CHAPTER XV.
M. JOBIN.
OW constantly experience reminds us that in the overwhelming presence of outstanding natural scenery, world events and great men, we are apt to completely lose sight of equally beautiful, though perhaps less magnificent scenery, events only a little less momentous and of many men, who except for the tedious bugbear of comparison, would be great in our sight, being truly great in themselves.
Personally our eyes were thus opened only a few summers ago at Saint Anne de Beaupré. For weeks our attention had been completely absorbed by the beautiful Basilica, its surrounding grounds, monasteries and convents. We desired above all to see a miracle, and to this end haunted the quaint church, stepping in to the beautiful garden whenever inclination suggested. Again and again we strolled along the hill-climbing woodsy road of “The Stations of the Cross”, the spreading maple trees overhead, the river in a flowing vista before.
Most of all we were interested in the pilgrims, individually no less than in the pilgrimages as a whole. At Saint Anne’s it is the pilgrim who furnishes a fascinating round of human interest, against a background of the church aglow with festive lighting from hundreds of electric bulbs, and the glowing, beckoning, flickering flame of thousands of red and green votive candles.
Then, one morning, something prompted us to turn our wandering footsteps toward the opposite end of the town away from the church.
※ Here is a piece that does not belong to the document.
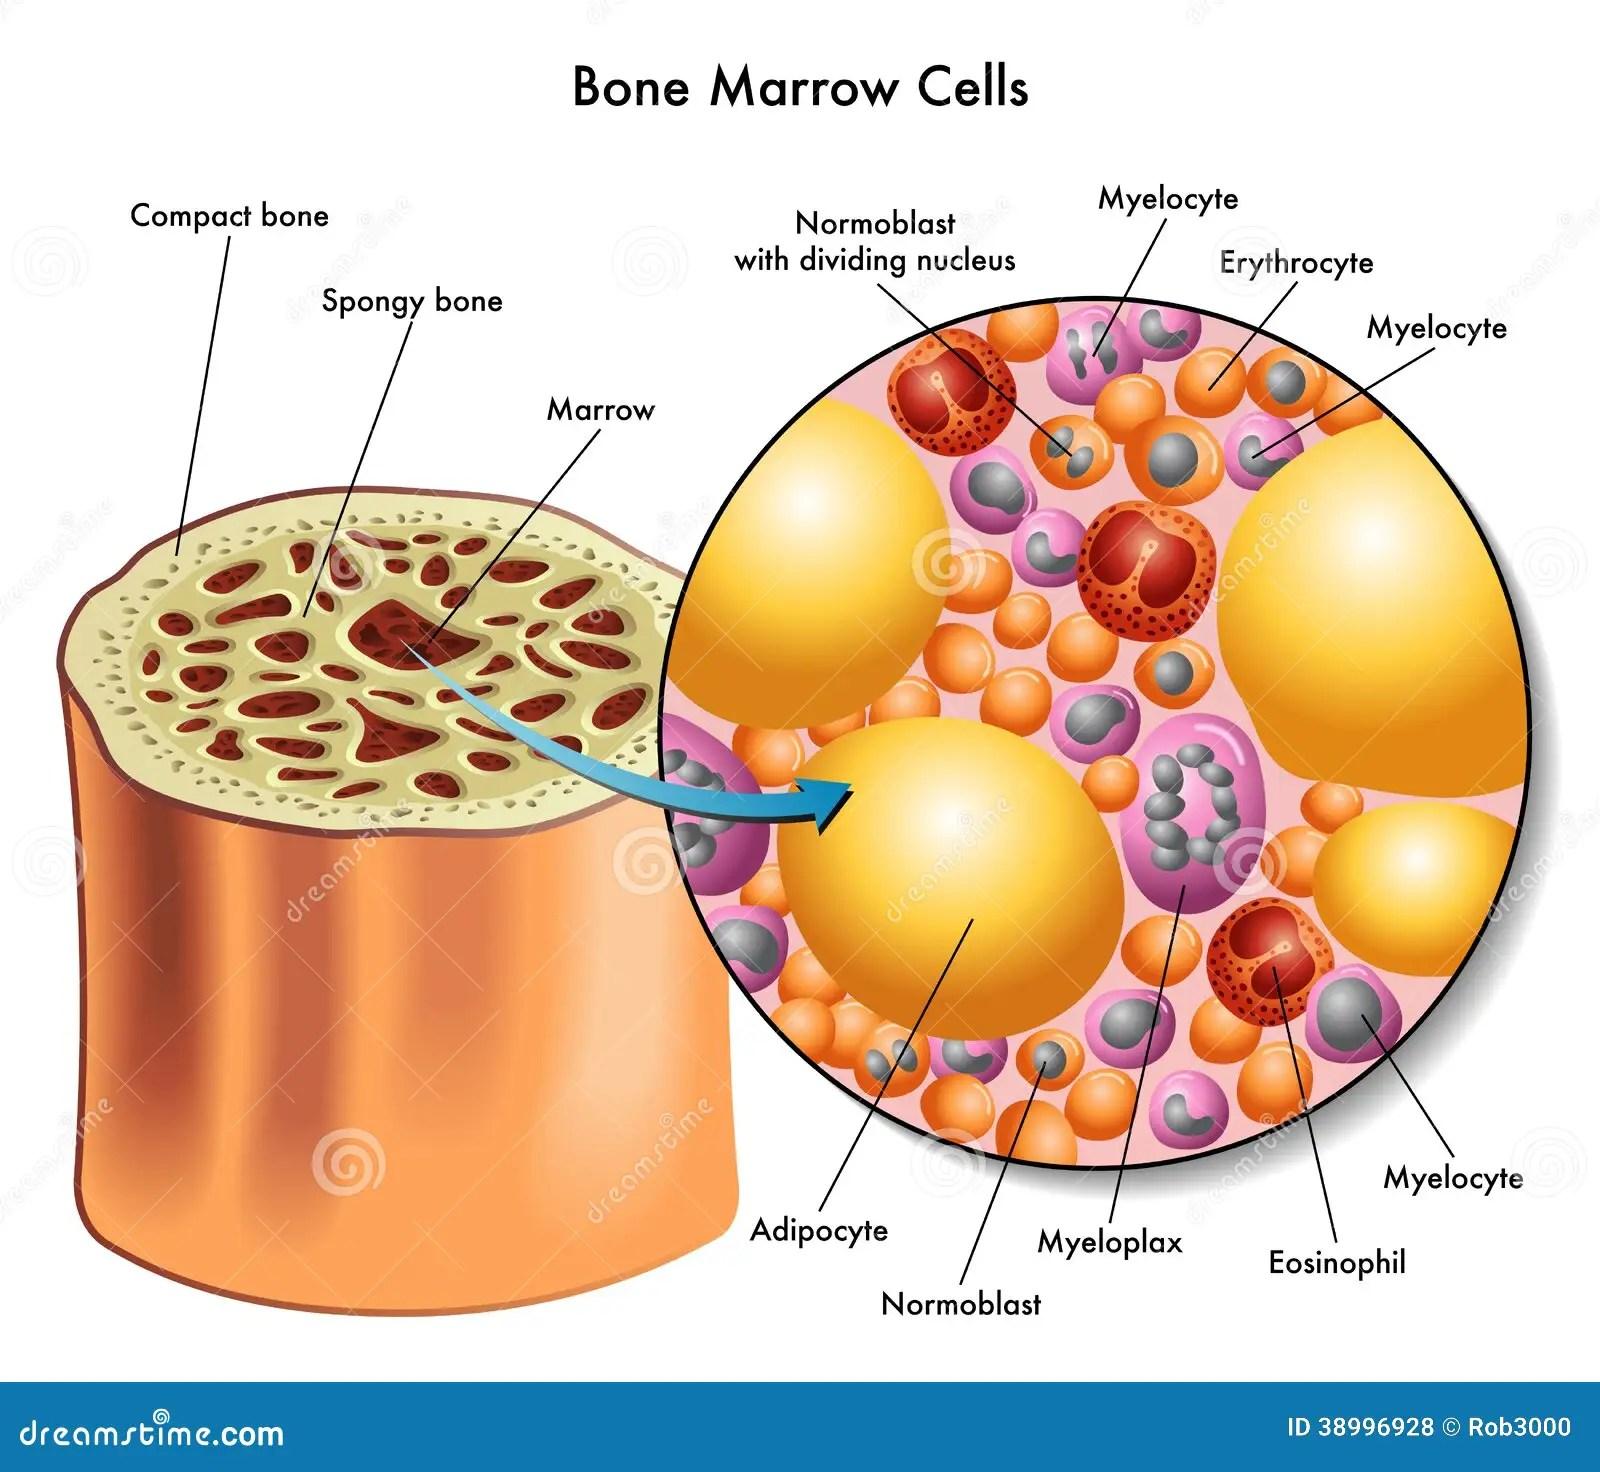 bone marrow cell diagram vw golf vr6 wiring cells stock vector image 38996928

And there, in a plain old workshop, we experienced our awakening, the miracle we had been waiting to see—a miracle in Art rather than in healing. And yet, are not the two one?
As we climbed the road up the hill past Madame Giguere’s Pension, we were at once surprised and attracted by a life-sized figure of Napoleon Bonaparte occupying one of the roofs ahead.
Napoleon Bonaparte in Saint Anne de Beaupré? Can greater contrast be imagined than the realism of Napoleon and the realm of the spiritual out of which we had just emerged? Yet it was no mirage. There he stood, life-sized. After a moment of doubt we knew it must be some woodcarver’s “Sign”. For we recognized at sight that this “Napoleon” was some old “Figurehead” from a ship, “stranded here” as it were in this Old-World village of French Canada.
We could scarcely wait to meet the old Carver. Already we imagined him old. And—charming.